- Instructions for the task:
From the line containing "Top 10 Best" down to the last line of the entries, print each line exactly and leave the pictures out.

BEGIN Supplied data

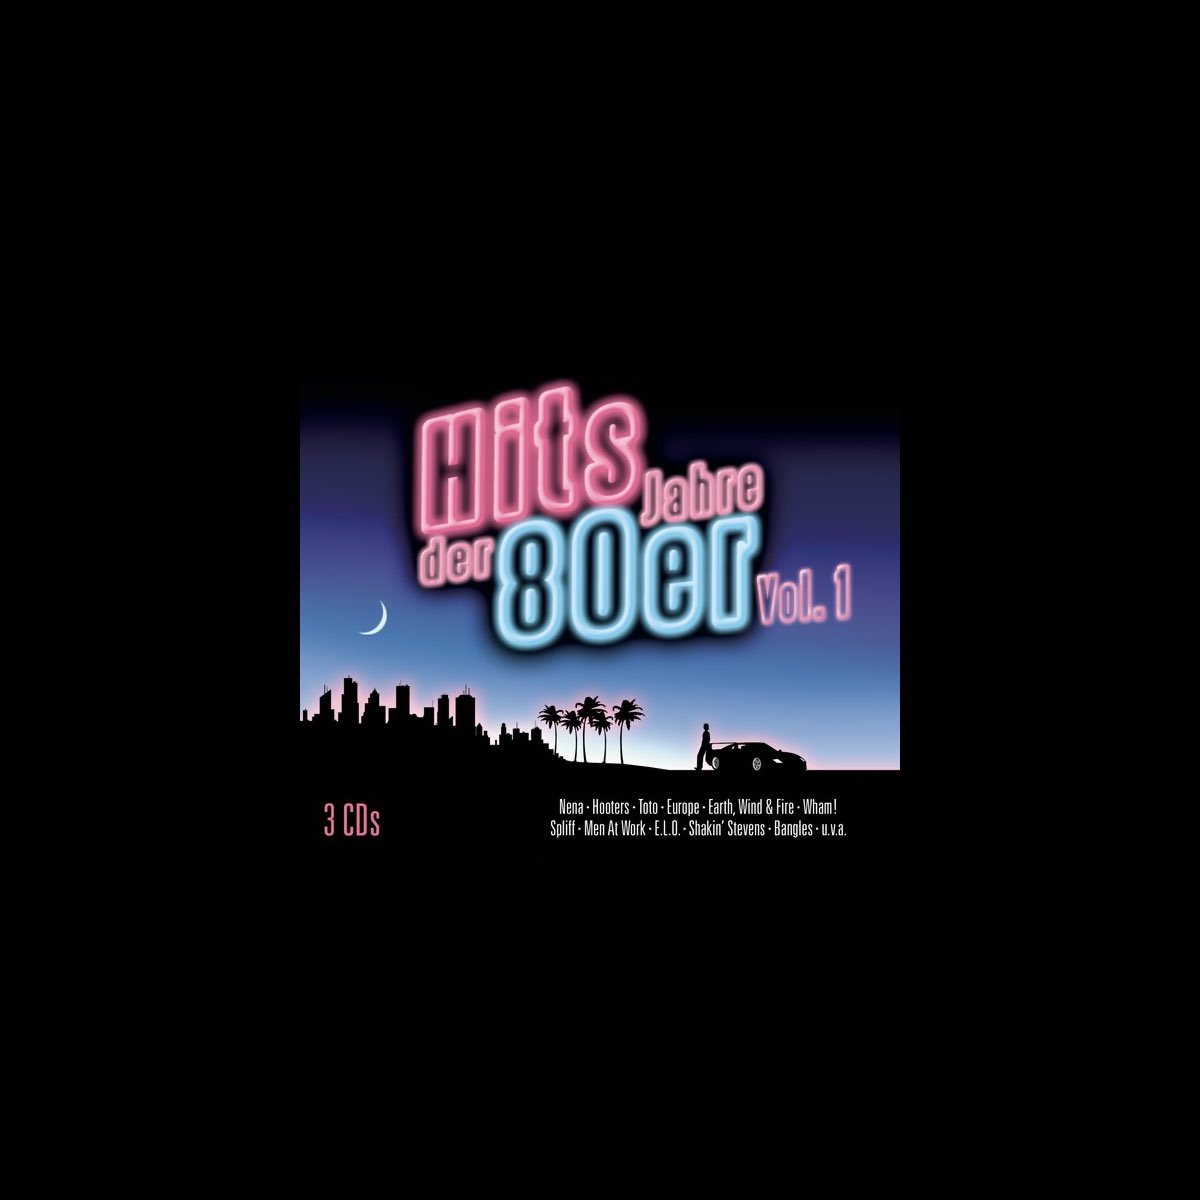 Hits der 80er Jahre, Vol. 1 by Various Artists on Apple Music
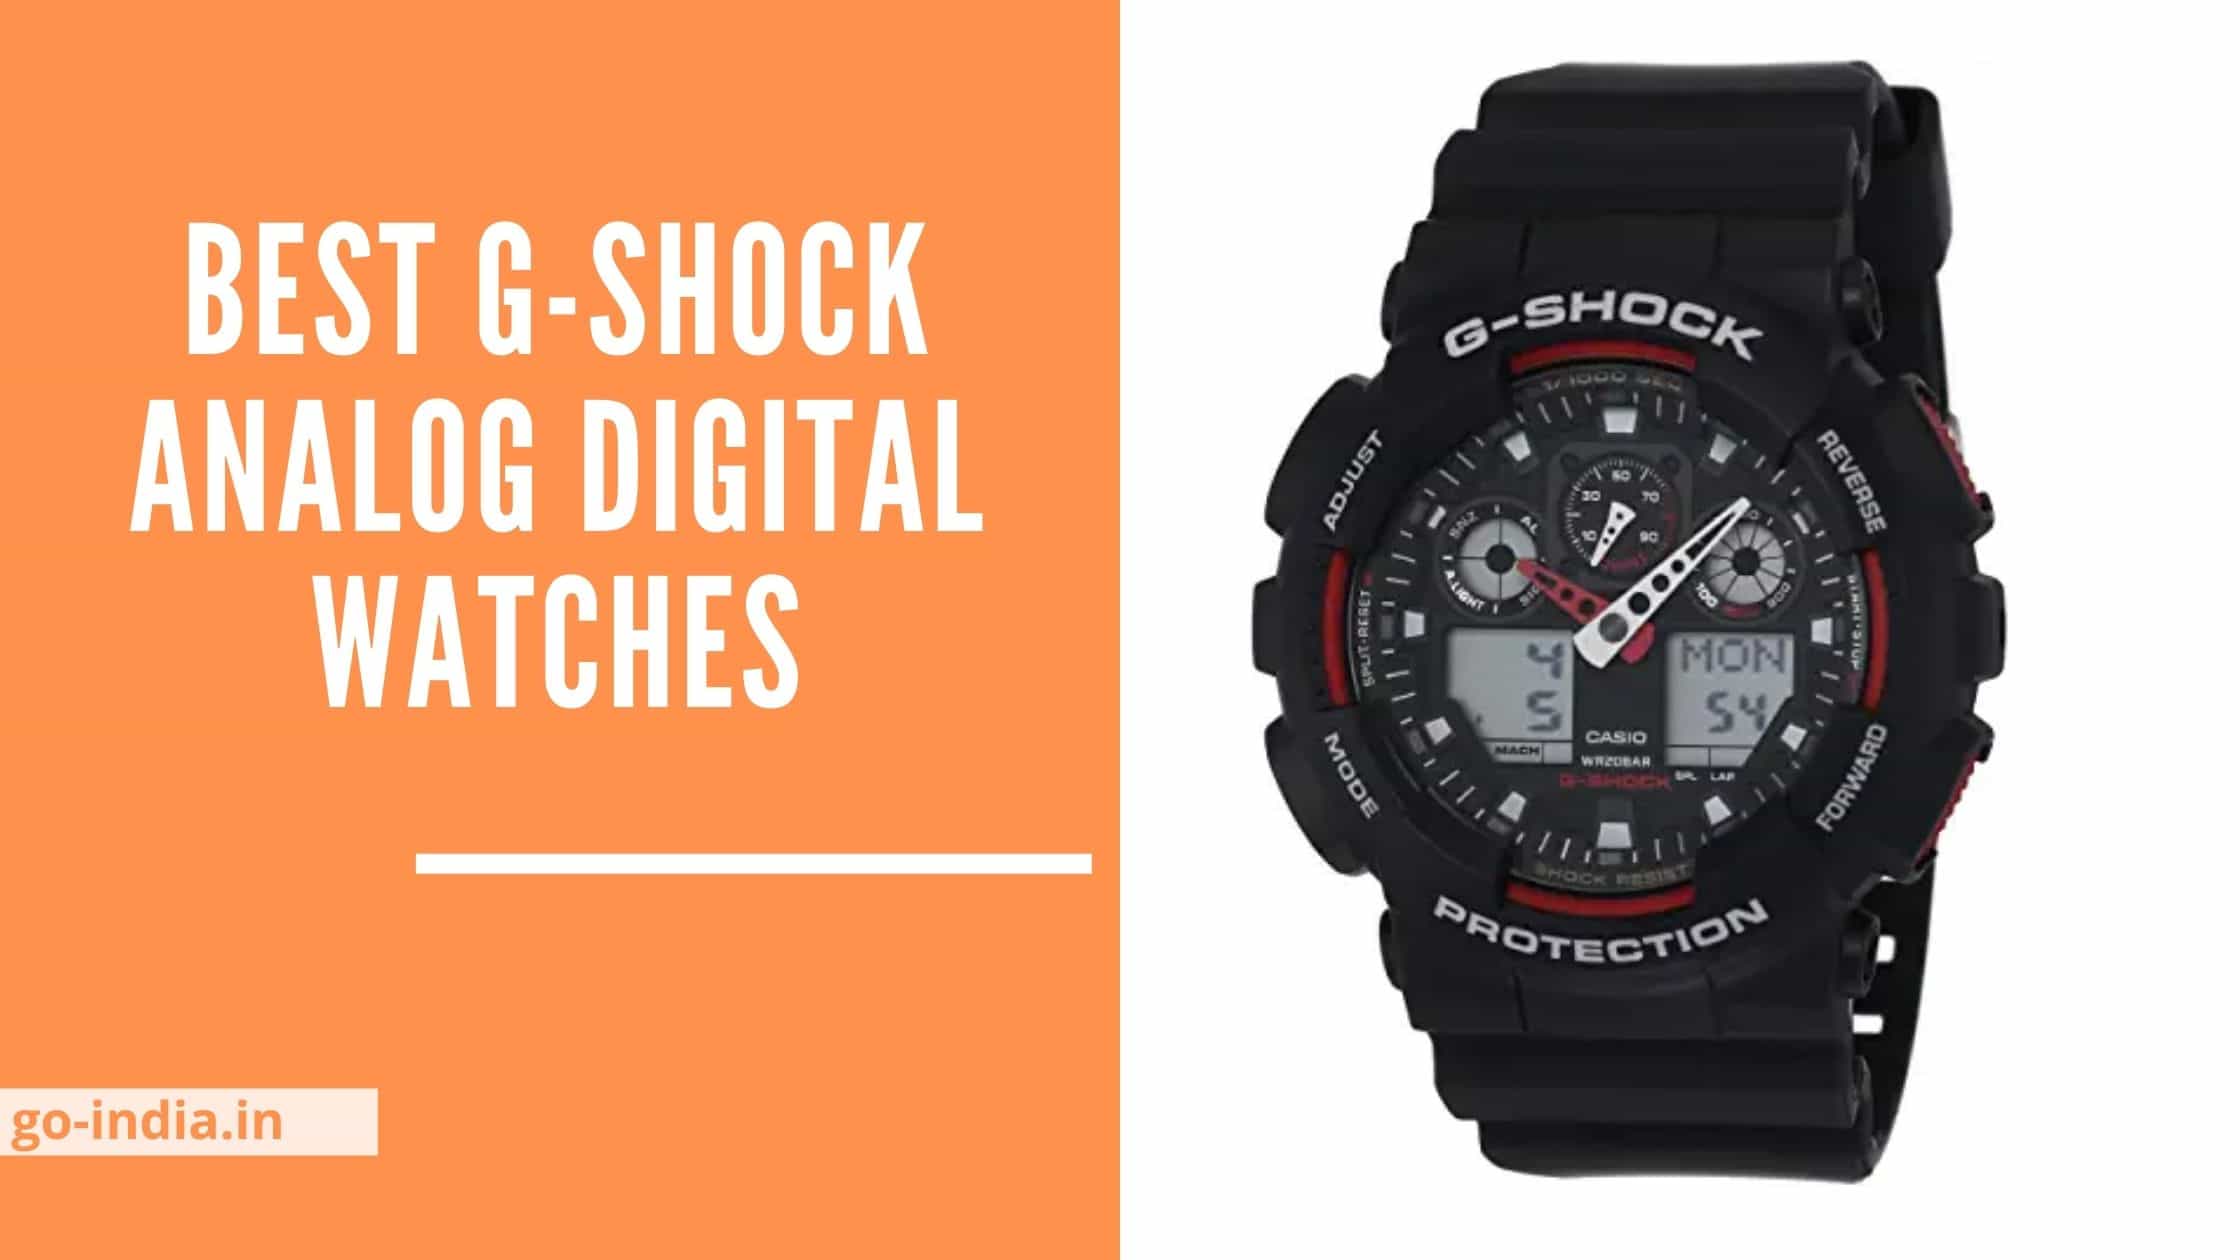 Top 10 Best G-Shock Analog Digital Watches in India 2022
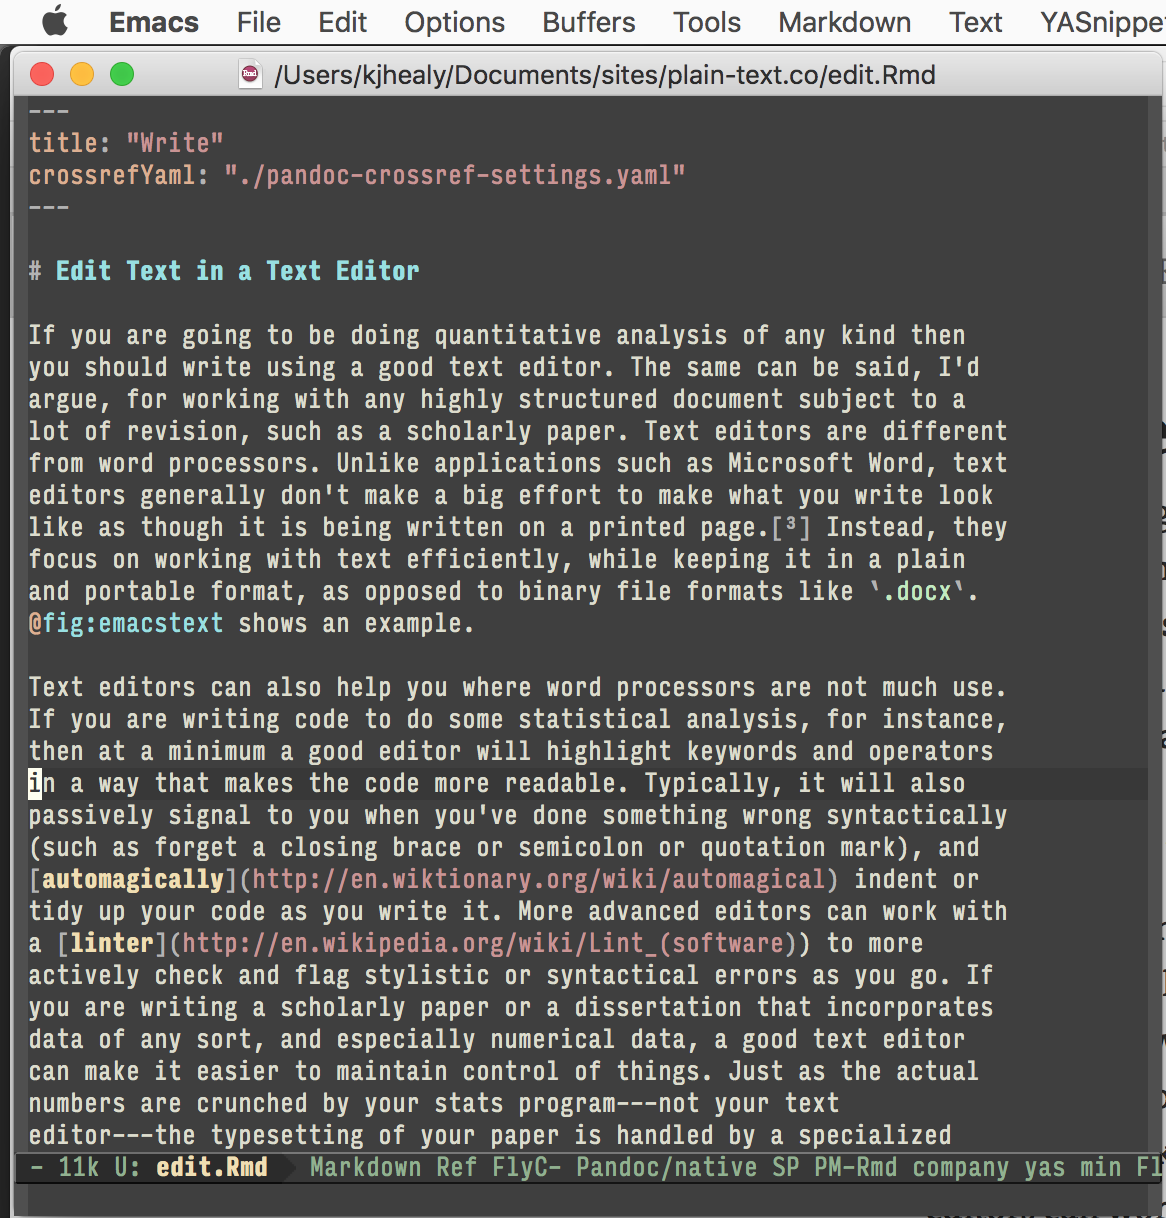 Working on part of this document in Emacs.
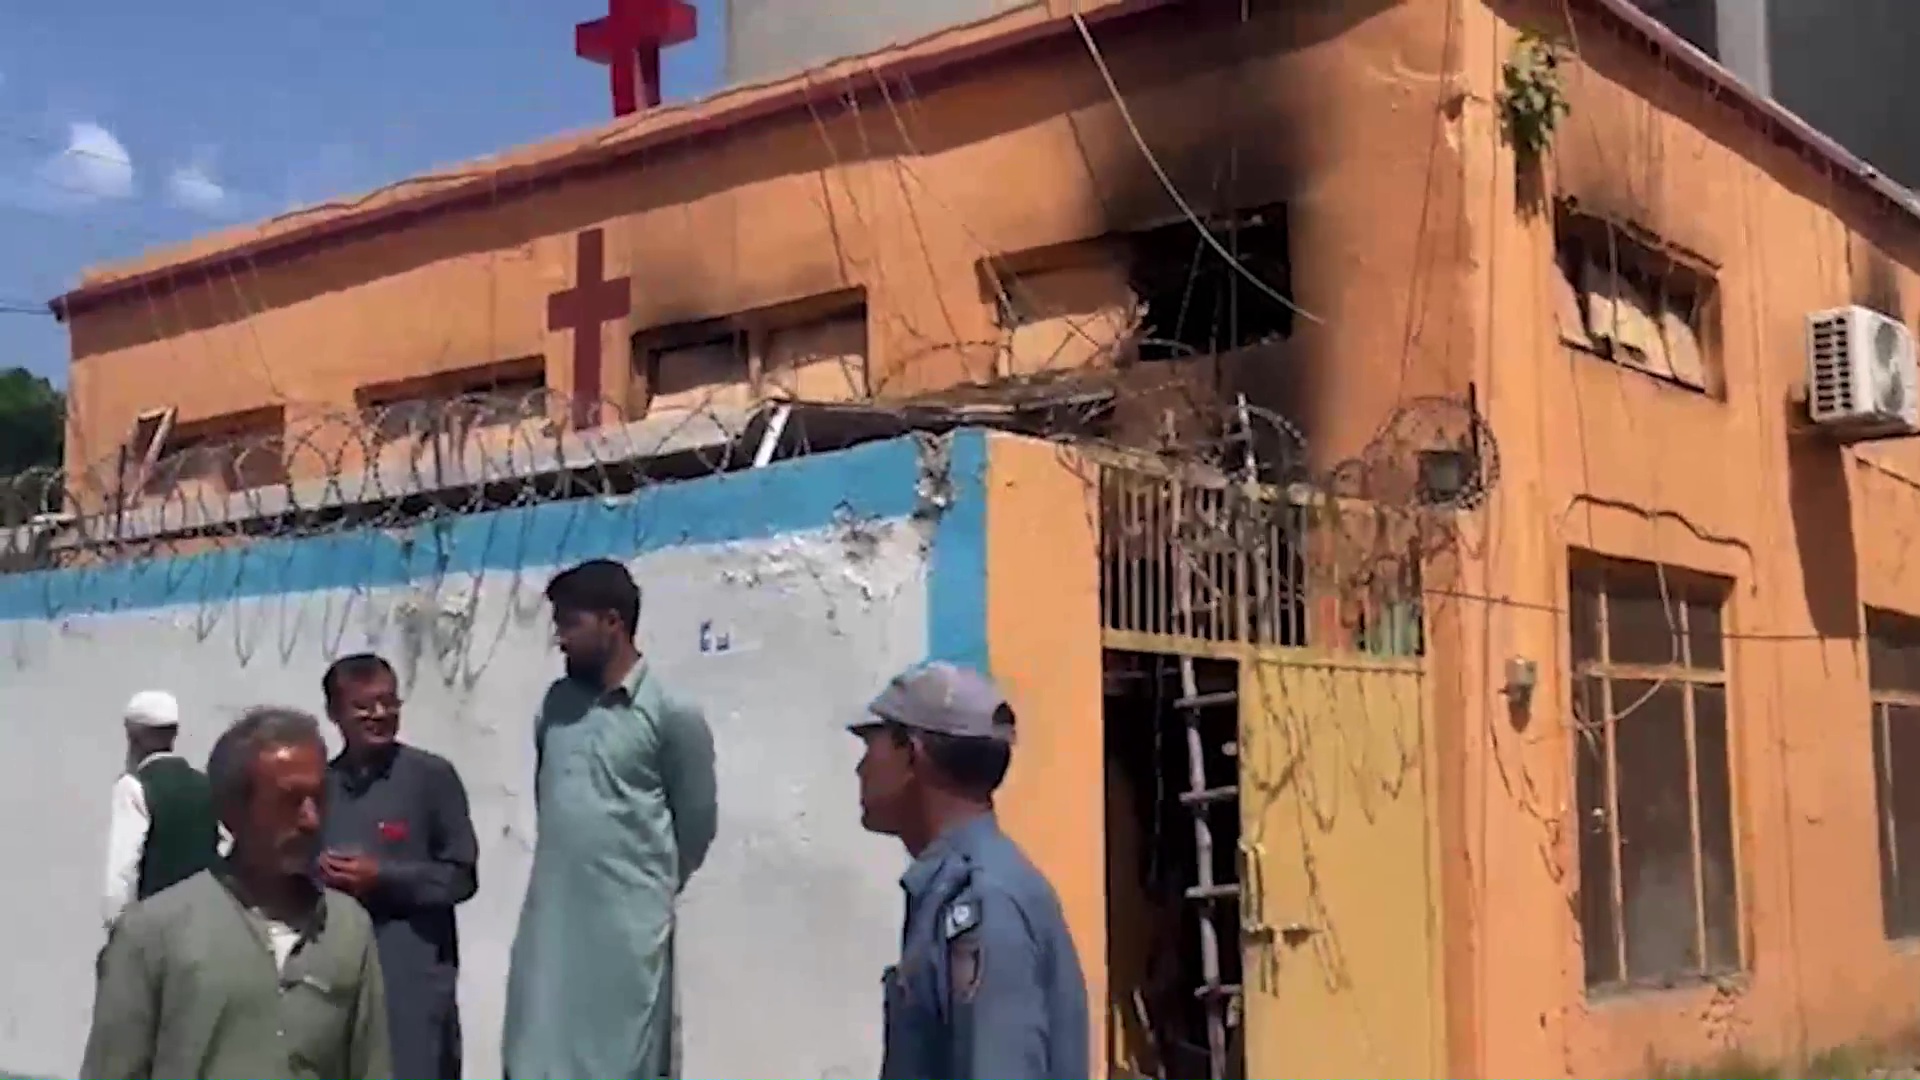 Last summer violent mob attacks on churches in the Punjab province in Pakistan hit the headlines. Sadly attacks like these are continuing.
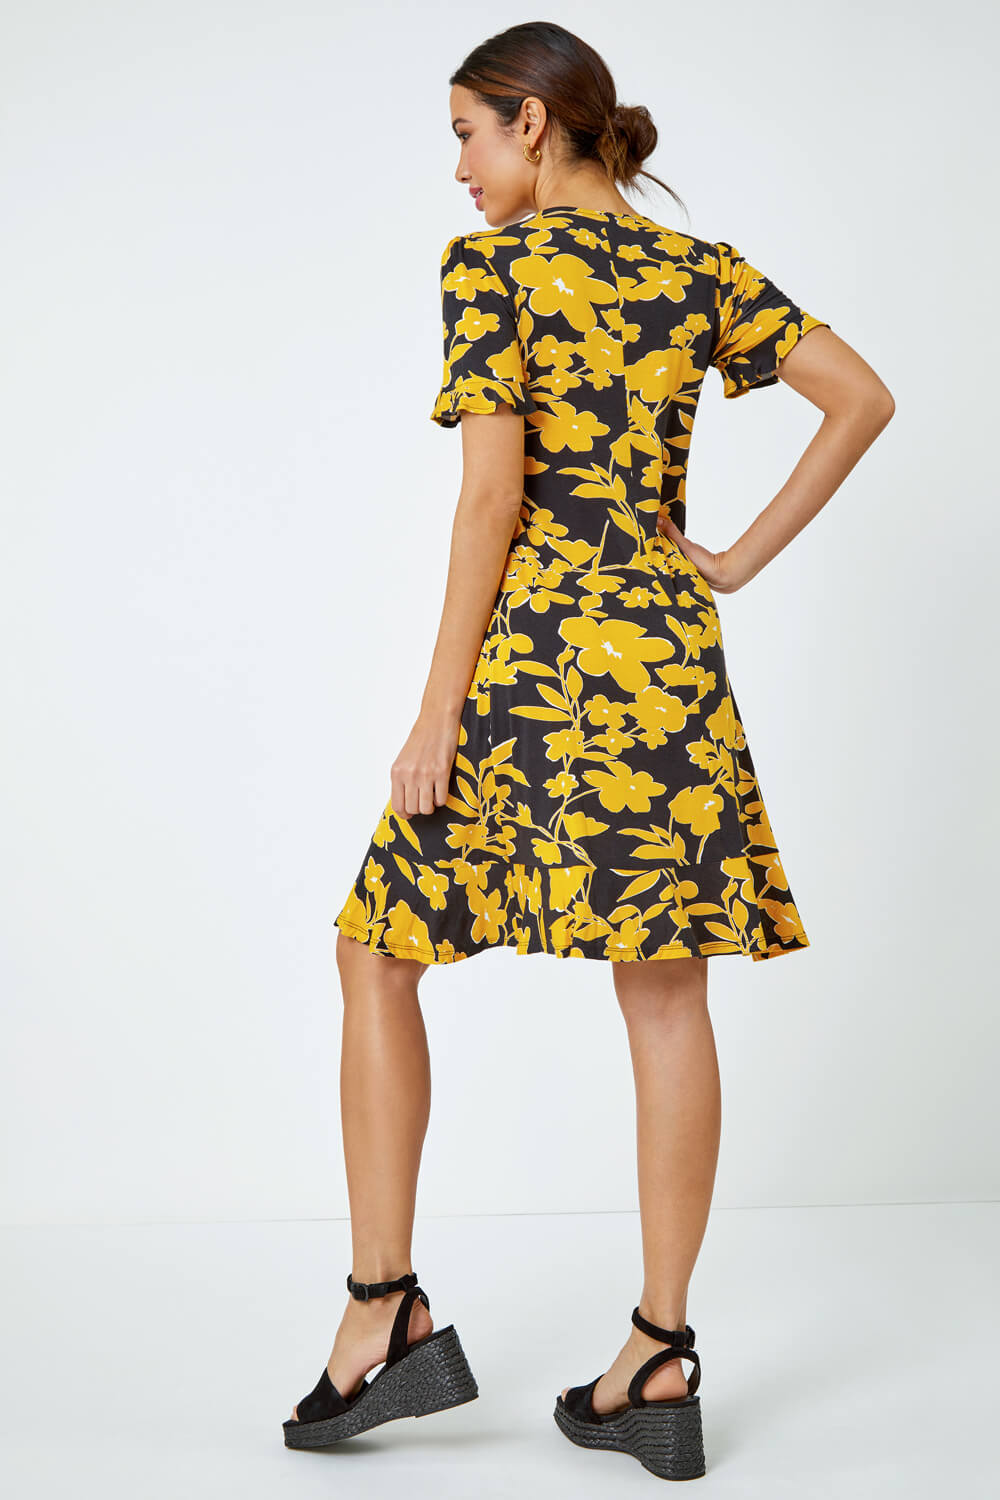 Yellow Floral Frill Hem Stretch Dress, Image 3 of 5

END Supplied data

- Answer below:
 Top 10 Best G-Shock Analog Digital Watches in India 2022
 Working on part of this document in Emacs.
 Last summer violent mob attacks on churches in the Punjab province in Pakistan hit the headlines. Sadly attacks like these are continuing.
 Yellow Floral Frill Hem Stretch Dress, Image 3 of 5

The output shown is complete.